- [REQUIREMENT]:
Repeat only the lines from the one that contains "Set Of Three" through the final line of the listing below, exactly, please, without pictures.

- [PROVIDED DATA]:

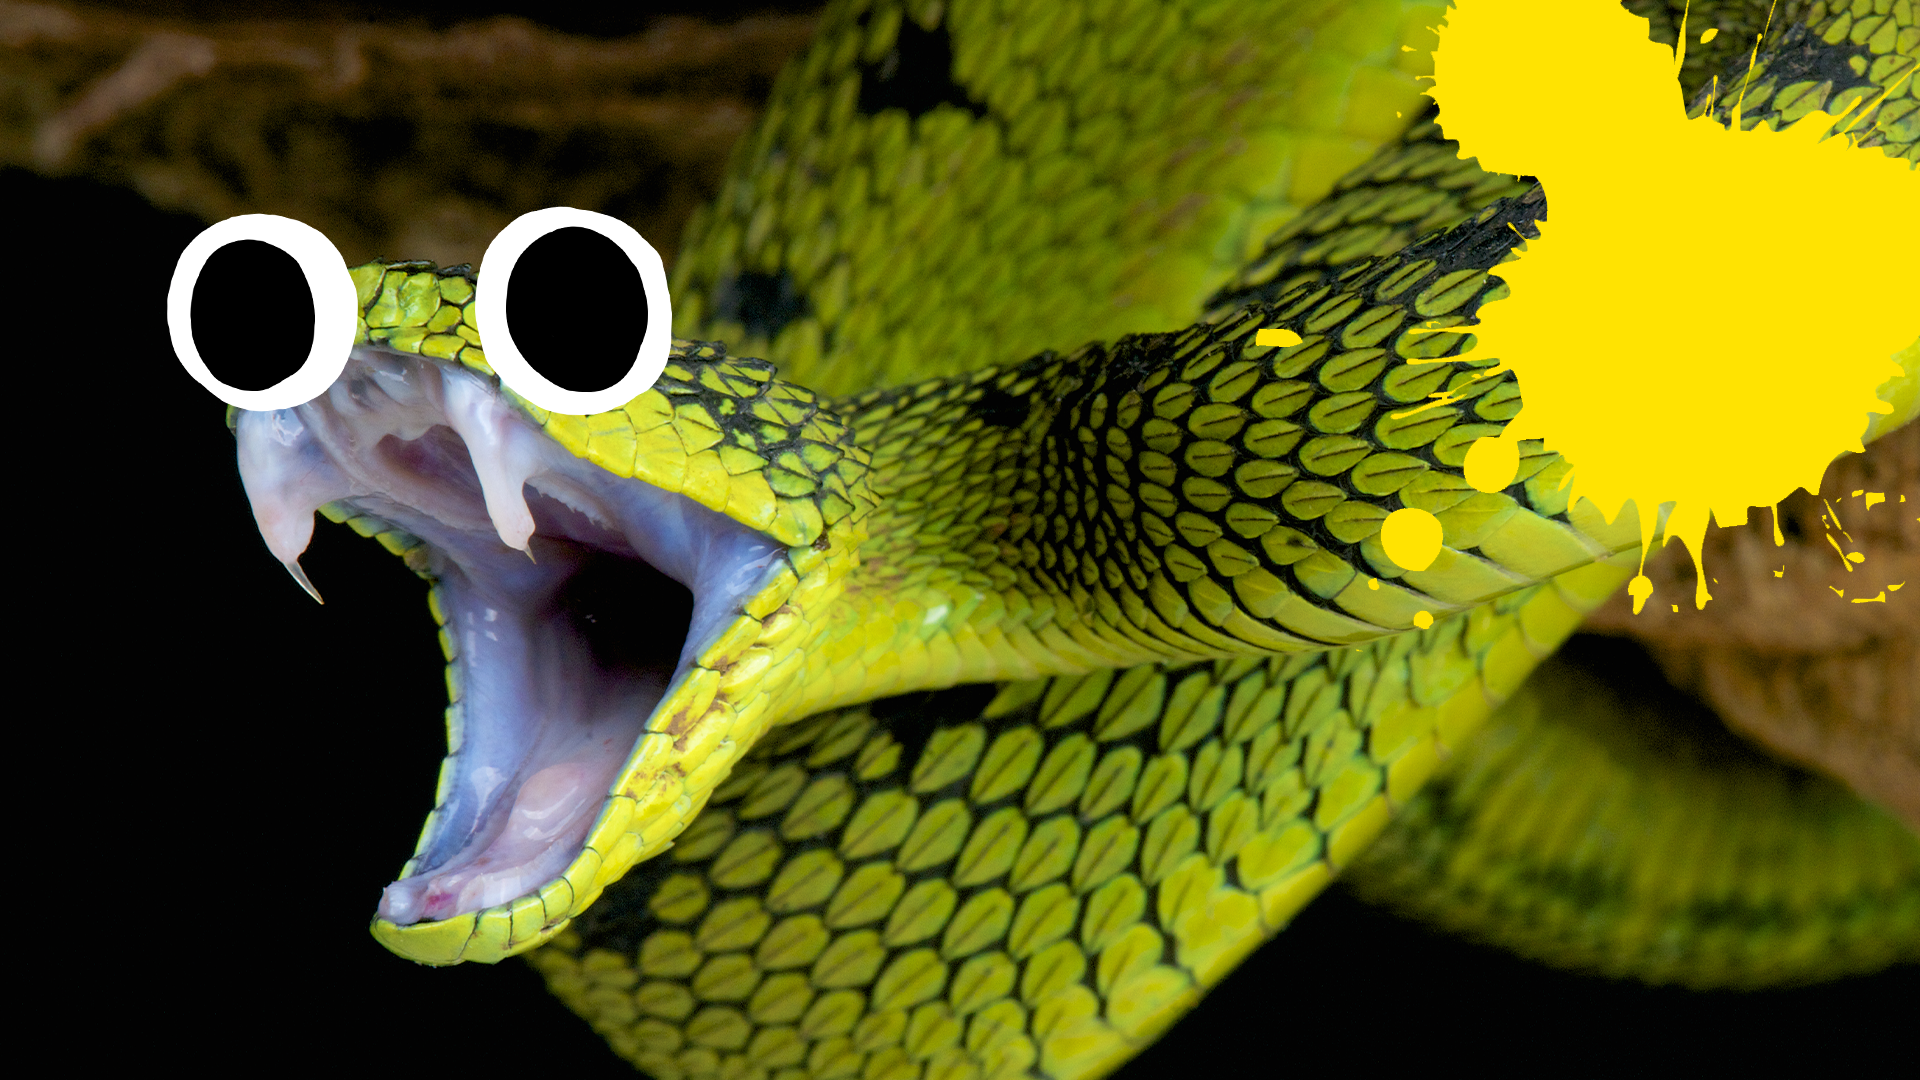 Snake with goggly eyes
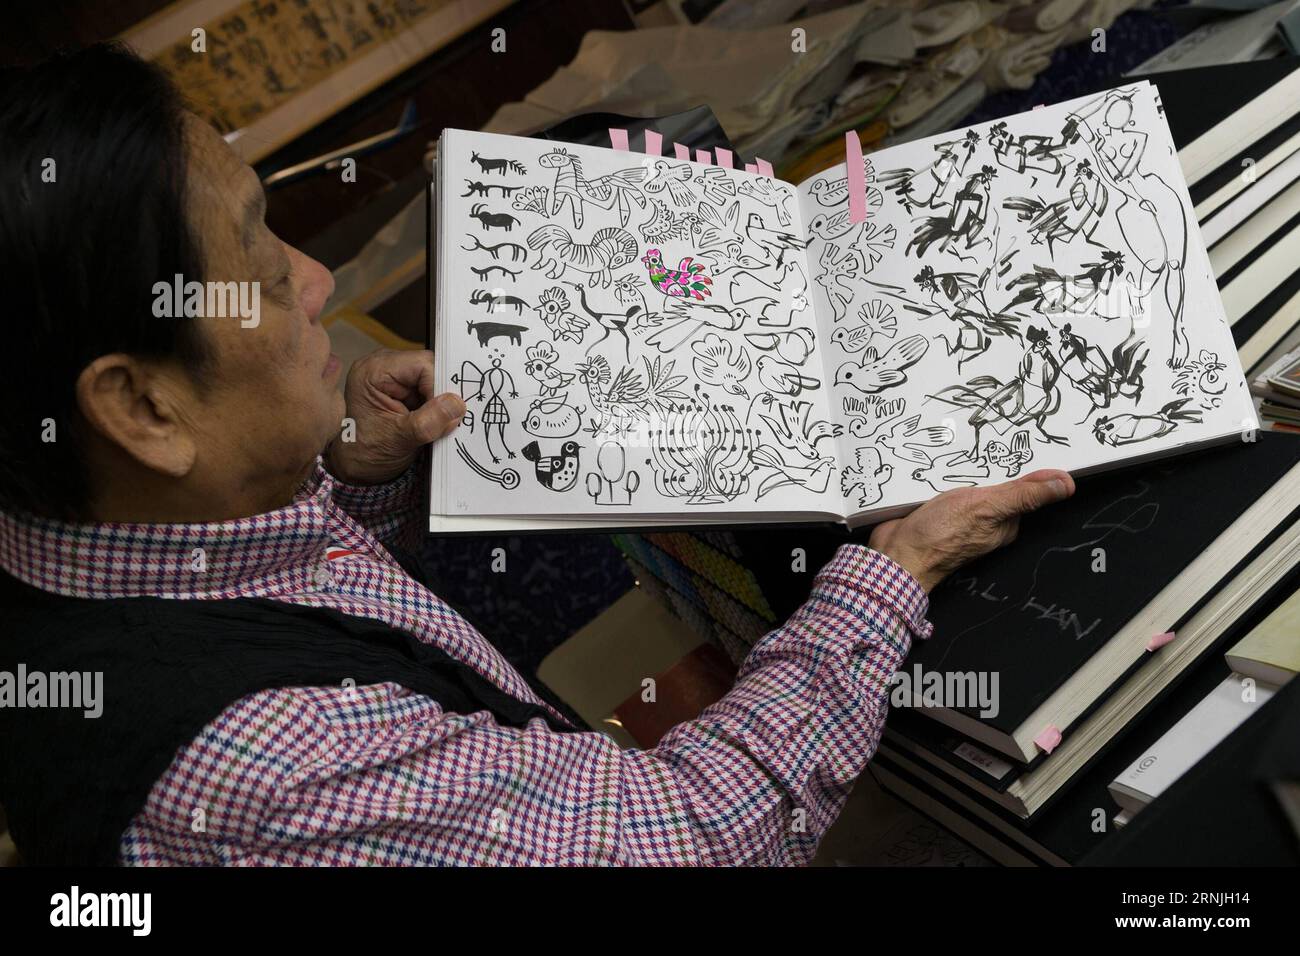 (170126) -- BEIJING, Jan. 26, 2017 -- Chinese artist Han Meilin, 80, shows his sketches at his studio in eastern district of Tongzhou in Beijing, capital of China, Jan. 24, 2017. Han, designer of the 2008 Beijing Olympic Games mascot Fuwa, has just finished the design of Chinese zodiac stamps for the upcoming Year of the Rooster. The set of Chinese Lunar New Year rooster stamps, issued earlier this month, contain two items showing a rooster striding proudly and a hen looking after her two chicks. Han applied rich color and elements of traditional Chinese painting to depict a happy family of ro Stock Photo
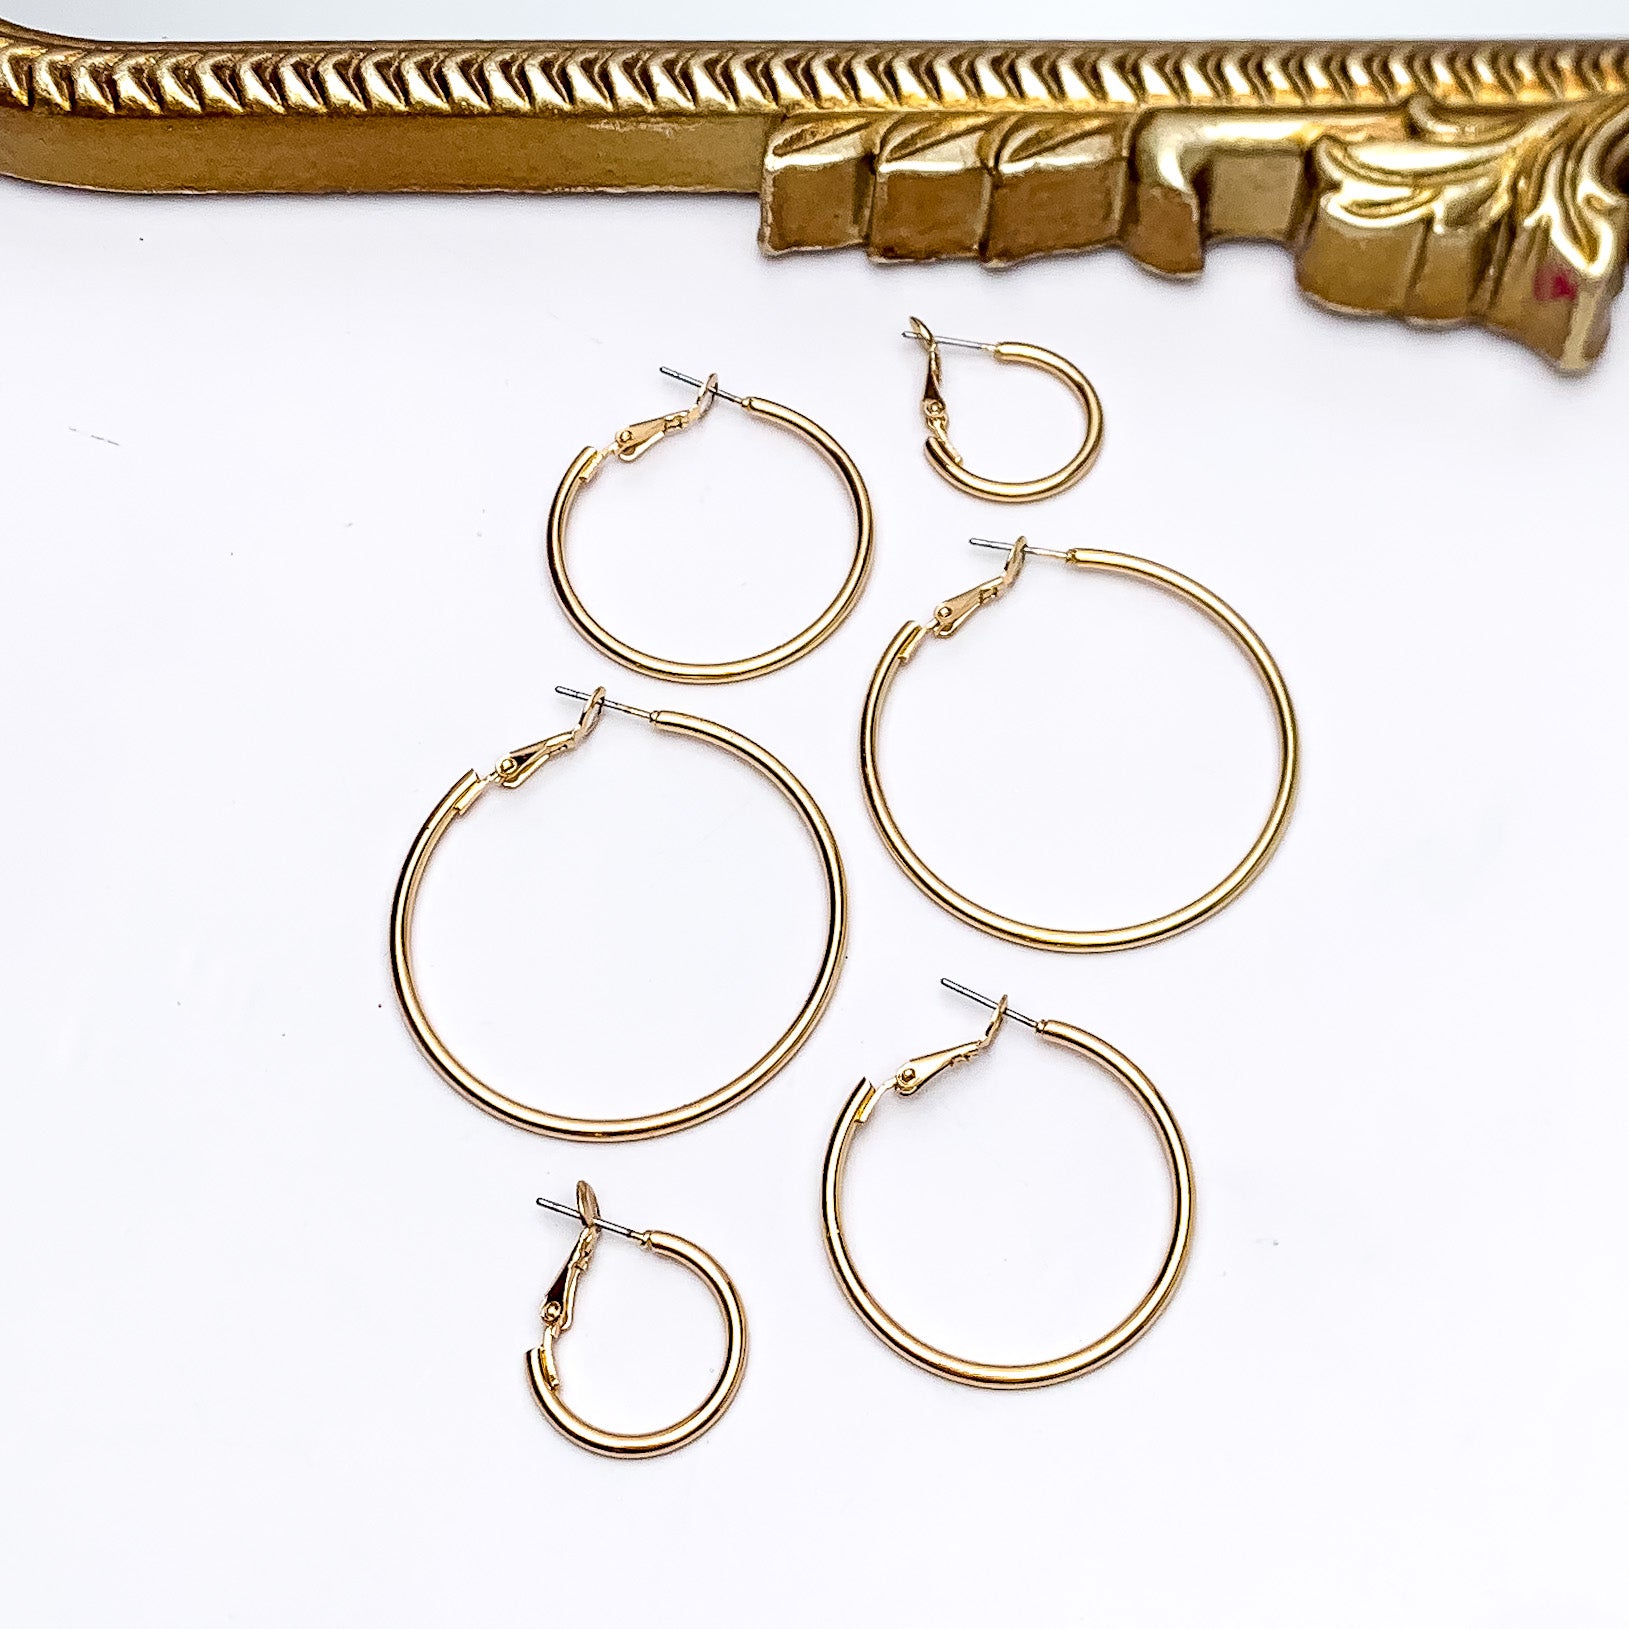 Set Of Three | Hoop Earrings in Gold Tone. Pictured on a white background with a gold frame above the earrings. There are three different sizes of earrings all in the picture.
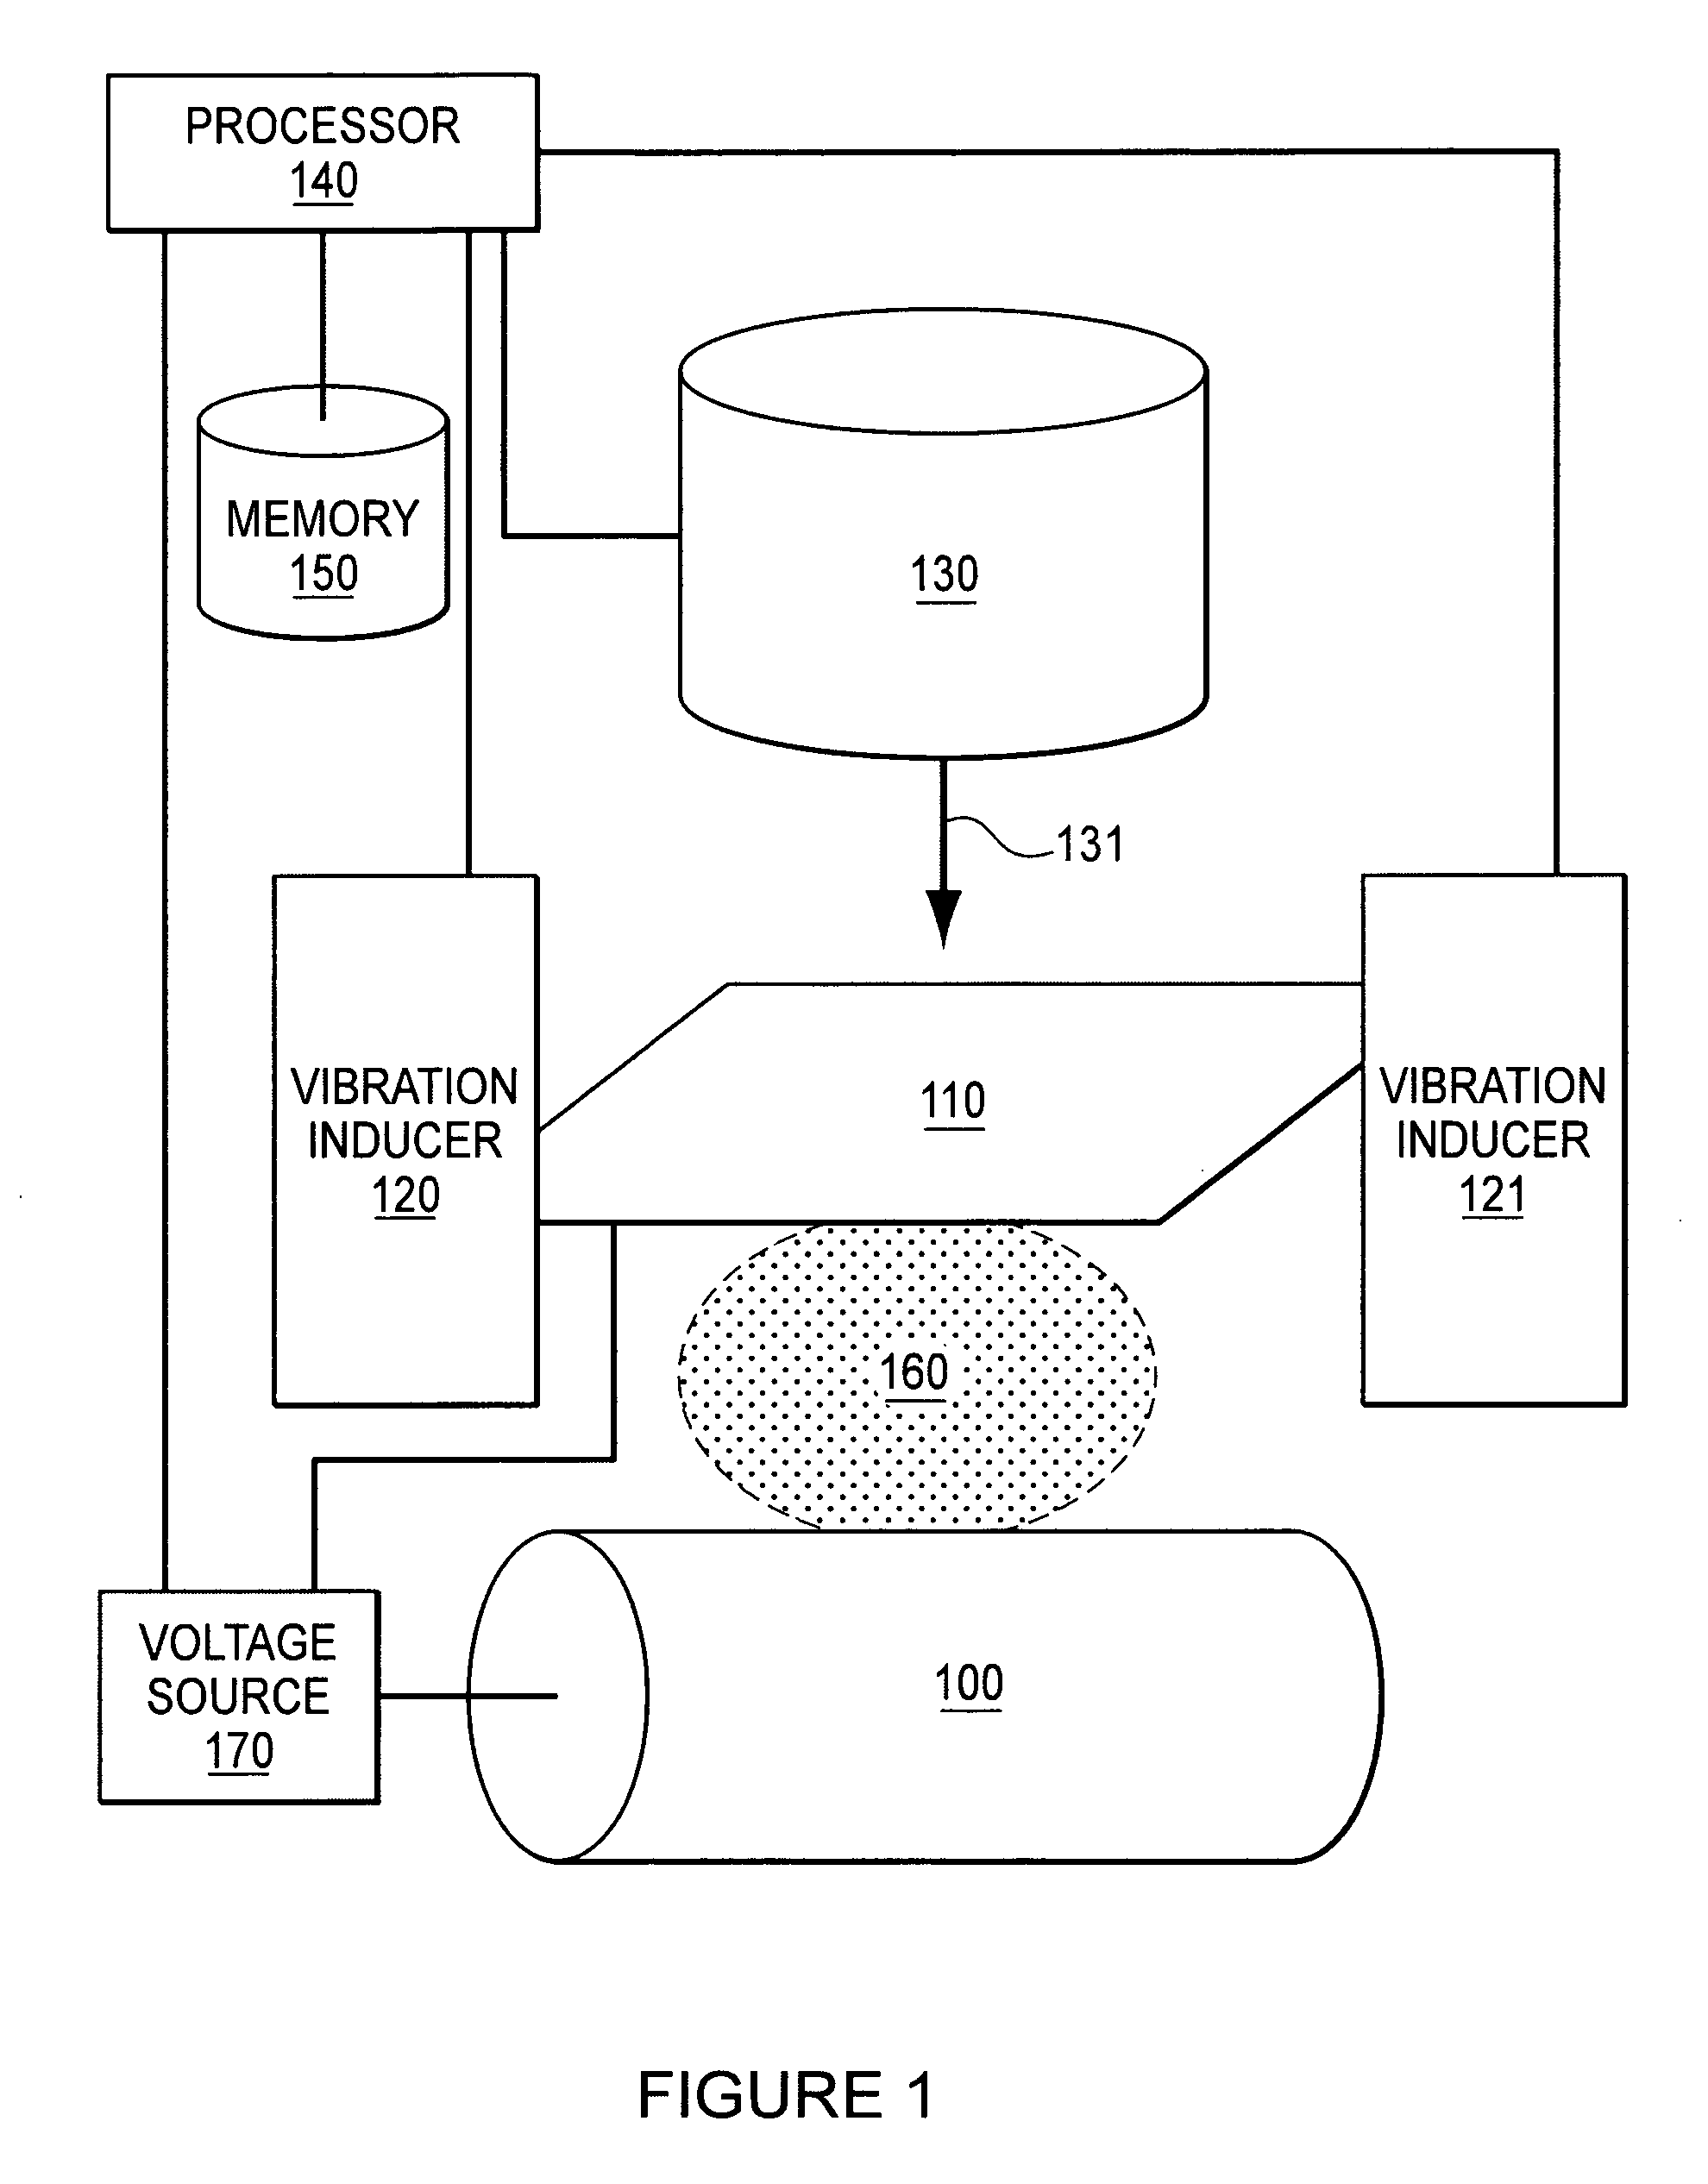 Method of coating a medical appliance utilizing a vibrating mesh nebulizer, a system for coating a medical appliance, and a medical appliance produced by the method

- [ANSWER TO THE EXERCISE]:
 Set Of Three | Hoop Earrings in Gold Tone. Pictured on a white background with a gold frame above the earrings. There are three different sizes of earrings all in the picture.
 Method of coating a medical appliance utilizing a vibrating mesh nebulizer, a system for coating a medical appliance, and a medical appliance produced by the method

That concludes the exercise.